Patrick Corillon a des affinités avec Borges et le poète portugais Fernando Pessoa qui n’a eu de cesse de propager des personnages fictifs, des amis, des connaissances, engendrés par le texte, en leur construisant des vies propres et en entretenant avec eux d’étroites relations.
Ainsi, Patrick Corillon a lui-même créé une dizaine de personnages qui évoluent d’exposition en exposition à travers d’infimes bribes de leurs biographies. A l’origine (1988), il ne dévoilait pas leur identité. En 1991, l’artiste bouleverse les données en sortant d’emblée de l’anonymat des personnages fictifs d’une autre époque, comme Oskar Serti, né en 1881 et mort en 1959. A l’instar d’un reporter, Patrick Corillon joue sur la figure de l’artiste qui voyage pour réaliser des expositions et relate des épisodes de situations aventureuses propres à chacun des personnages invités. Image de l’art comme aventure, comme risque. Référence aux mondes que l’on crée dans l’enfance.
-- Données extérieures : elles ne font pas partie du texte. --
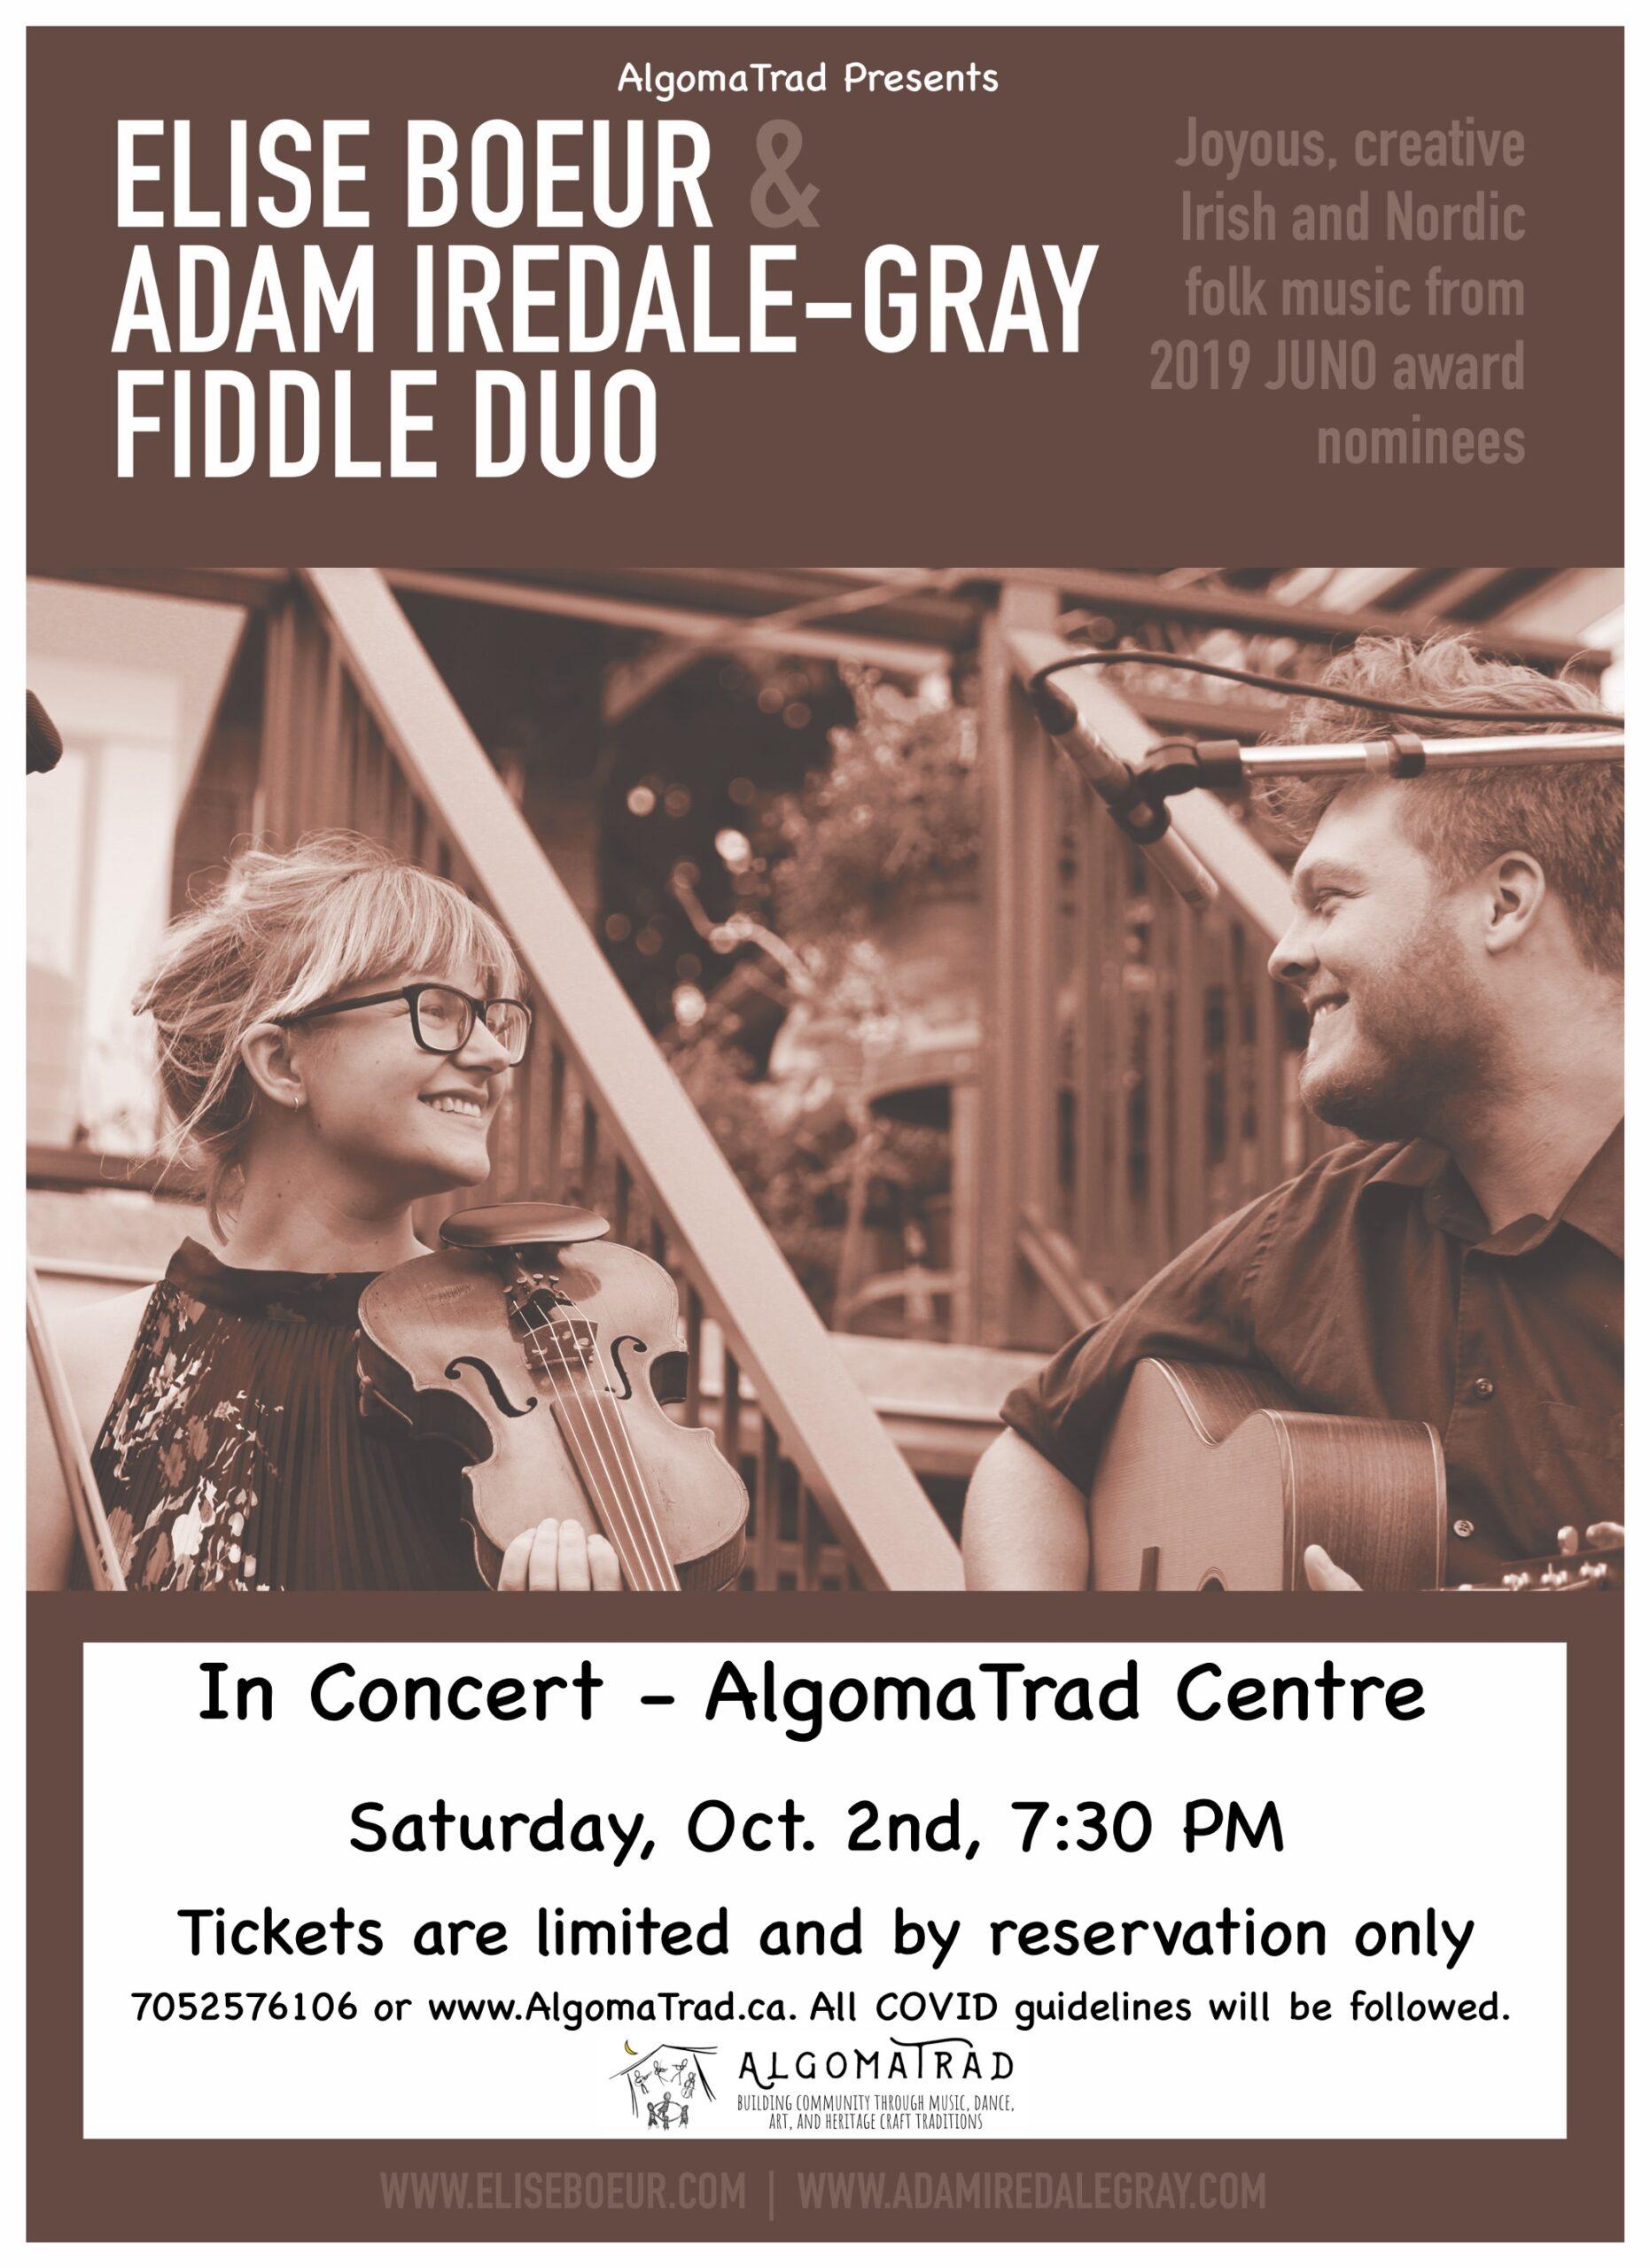 AlgomaTrad Presents Elise Bouer and Adam Iredale-Gray, Saturday, October 2

Depuis 1998, Patrick Corillon, les histoires de Patrick Corillon  quittent les personnages du passé pour se conjuguer au présent et s’accorder avec l’esprit de la communauté ; le nous, le vous, le on deviennent le sujet.
A l’opposé des stratégies du monde d’aujourd’hui les histoires de Patrick Corillon ne se dévoilent que progressivement, elles frôlent les objets des lieux auxquelles elles sont attachées, mais ne livrent pas images. Sauf mentales. C’est une œuvre au sens qu’Umberto Eco donne à ce mot ; une œuvre qui n’en finit pas, un hyper texte qui s’ouvre à l’infini. Mais une œuvre à côté de laquelle on peut passer sans la voir tant elle se fond dans le contexte où elle apparaît et où la lecture, le texte devient le code d’accès obligatoire de son apparition.
Les moments de la vie quotidienne que livre Patrick Corillon s’ancrent toujours dans les lieux où ils prennent naissance. La fiction est pour l’artiste un postulat de la réalité, non une fuite du réel mais une stratégie pour s’en approcher au plus près. Une méthode d’investigation.
Patrick Corillon renvoie mine de rien le spectateur à son actif de lecteur de l’art contemporain depuis Duchamp. Celui d’acteur qui donne vie à l’œuvre. Il formule à chaque fois un écran d’images mentales pour tout un chacun avec ses histoires. Rendre visible l’invisible, faire son propre cinéma, voilà ce à quoi l’artiste nous convoque.